Bildunterschrift: Hitze im Juni 2019 Am 28. Juni 2019 lag die Temperatur auf dem Mittelland bei über 36 Grad. Franz Knuchel
Die 36 Grad im Juni sind selten
Das absolute Maximum im Juni in der Schweiz datiert vom 27. Juni 1947 mit 36,9 Grad in Basel. Das war bisher der einzige Tag mit mehr als 36 Grad im Juni am Rheinknie. Juni-Rekorde mit einem Wert von 36 Grad oder mehr gibt es nur noch in Koppigen, Grono, Sitten, Genf, Magadino und Chur. Die letzte große Hitzewelle haben wir im Juni vor vier Jahren erlebt. Am Ende des Monats gab es mehrere Tage mit deutlich über 30 Grad, in Basel waren es beispielsweise 35,9 Grad, in Zion sogar 36,4 Grad. Die Hitze im Juni 2003 war von ähnlicher Größenordnung, wurde aber von der zweiten Hitzewelle im August 2003 leicht überwunden.
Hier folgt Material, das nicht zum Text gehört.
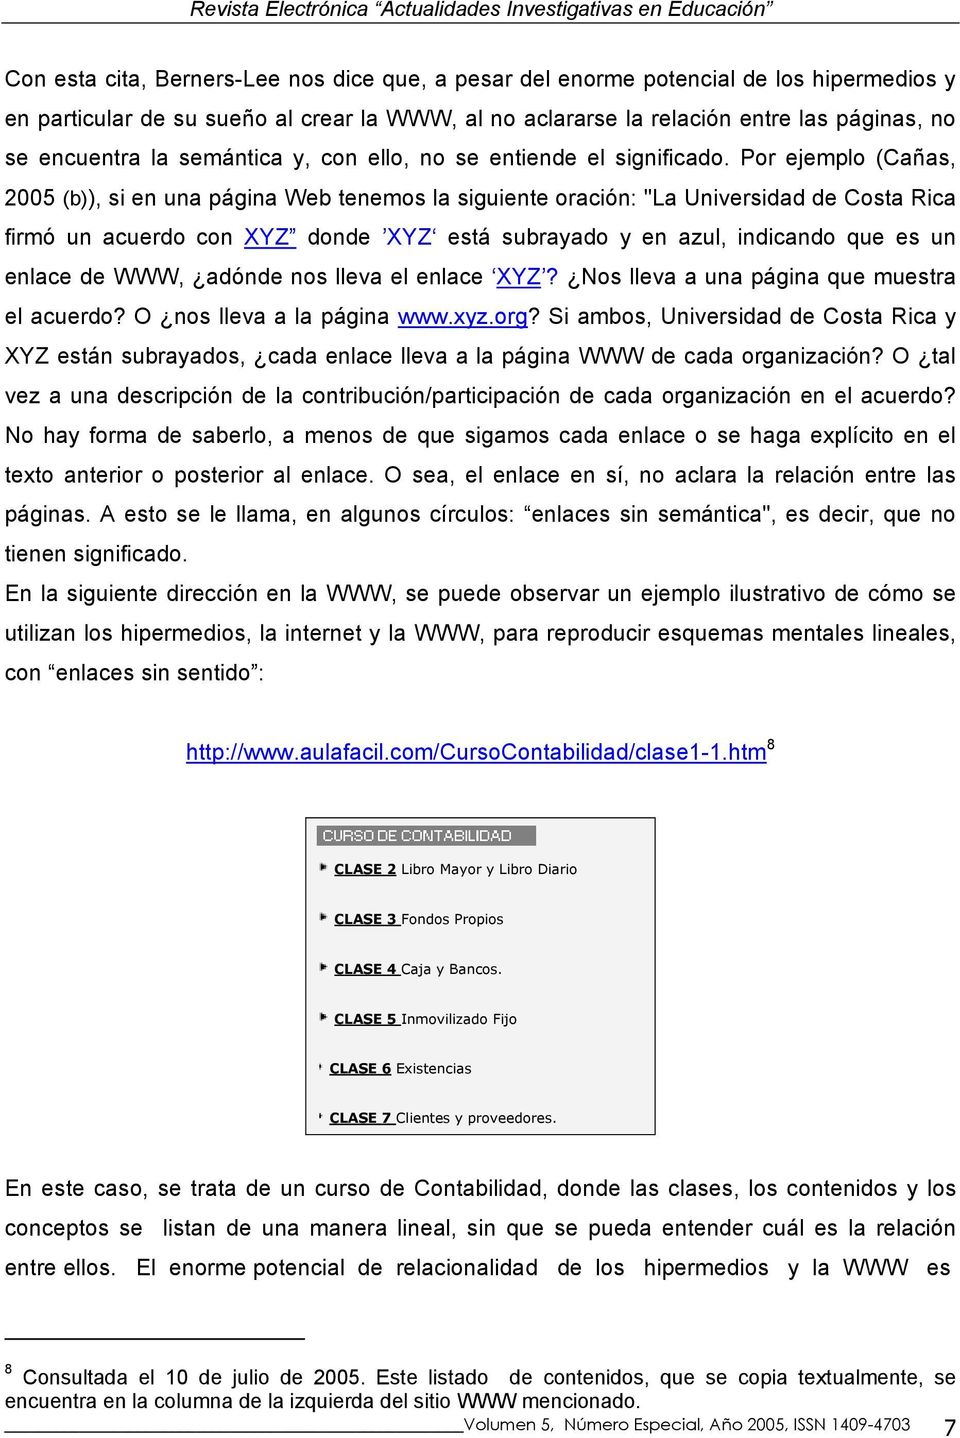 Por ejemplo (Cañas, 2005 (b)), si en una página Web tenemos la siguiente oración: "La Universidad de Costa Rica firmó un acuerdo con XYZ donde XYZ está subrayado y en azul, indicando que es un enlace

Bildunterschrift: Juni 2019 Am 28. Juni 2019 blieb Wasserauen / AI-Kühen nichts anderes übrig, als aus dem Wasser zu fliehen. Andrea Pohl
Wann ist die heißeste Zeit des Jahres?
Hundetage gelten im Volksmund als die heißeste Zeit des Jahres. Diese laufen vom 23. Juli bis 23. August. Schaut man sich die Jahreshöchststände in der Schweiz im 21. Jahrhundert genauer an, so stellt man fest, dass die Jahreshöchststände neun Mal im Juli, acht Mal im August und nur fünf Mal im Juni auftraten und auch die absoluten Höchststände deutlich im Juli und August. höher als im Juni. Für den August liegt das absolute Maximum bei 41,5 Grad (2003) und im Juli bei 39,7 Grad (2015). Die 36,2 Grad von 2014 wirken eher bescheiden.
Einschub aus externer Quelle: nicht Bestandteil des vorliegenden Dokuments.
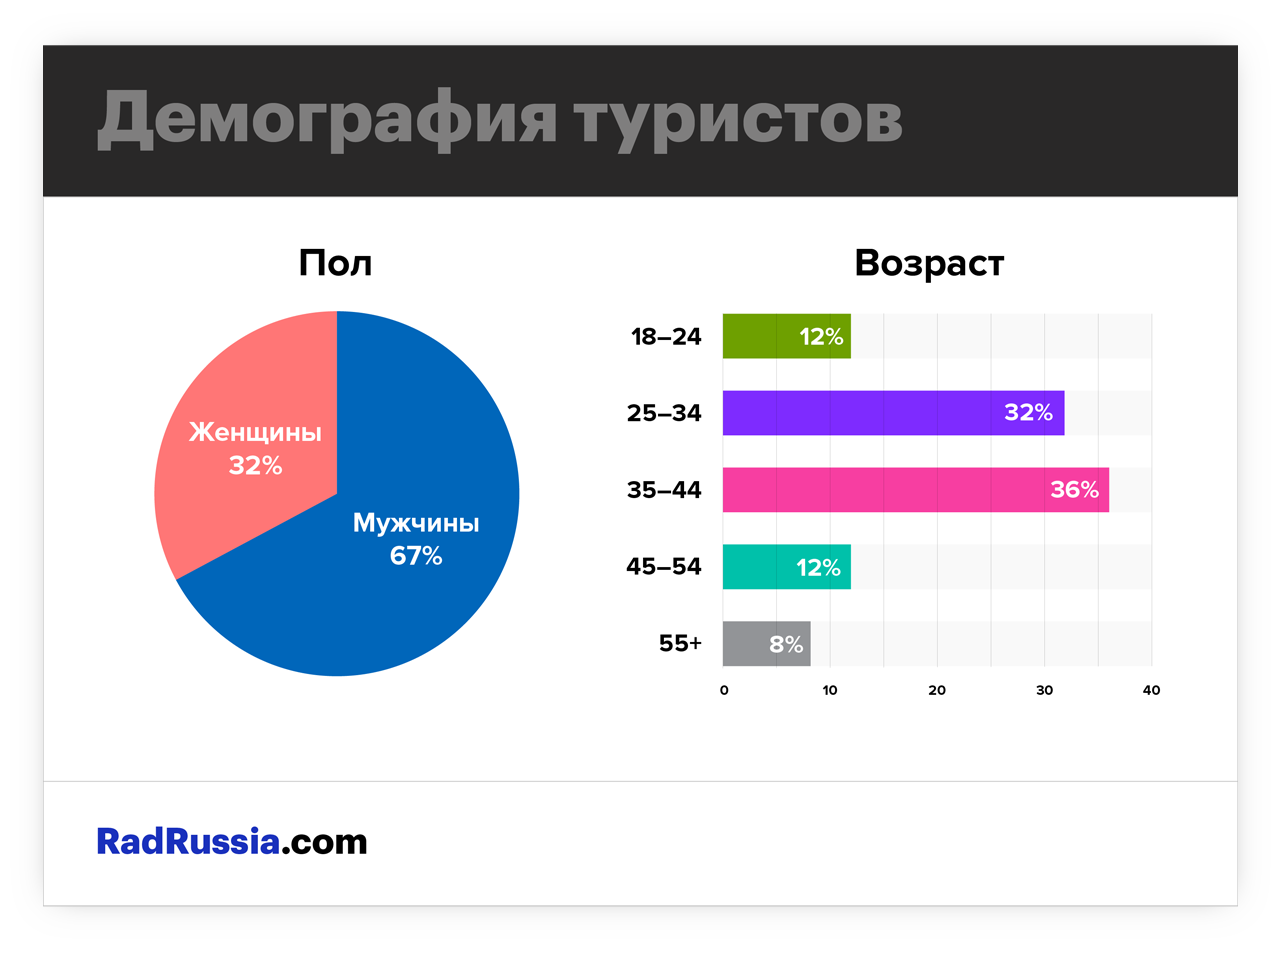 Демографическая статистика туристов в Росии по ЧМ 2018

Legende: Hitze in Madrid In Madrid waren es am Mittwoch 41 Grad. FB
Woher kommt die Wärme?
Seit Tagen herrscht vor der portugiesischen Atlantikküste ein Tiefdruckgebiet, in dem sich gerade das klassische Hoch der Azoren befinden sollte. Die Folge davon ist, dass in den letzten Wochen immer wieder südliche Strömungen von Spanien bis zu den Alpen installiert werden konnten. Dies bescherte uns vor rund einem Monat die ersten heissen Tage in der Schweiz. Spanien leidet seit Tagen unter Dauerhitze. Im Raum Sevilla – Córdoba wurden in den letzten Tagen etwa 40 Grad erreicht mit Höchstwerten von 42 Grad. Am Mittwoch wurden in Talaverna de la Reina sogar 43 Grad gemessen. Diese Hitze dringt nun über das Wochenende weiter in die Alpen vor. Allerdings ist es hier nicht so heiß.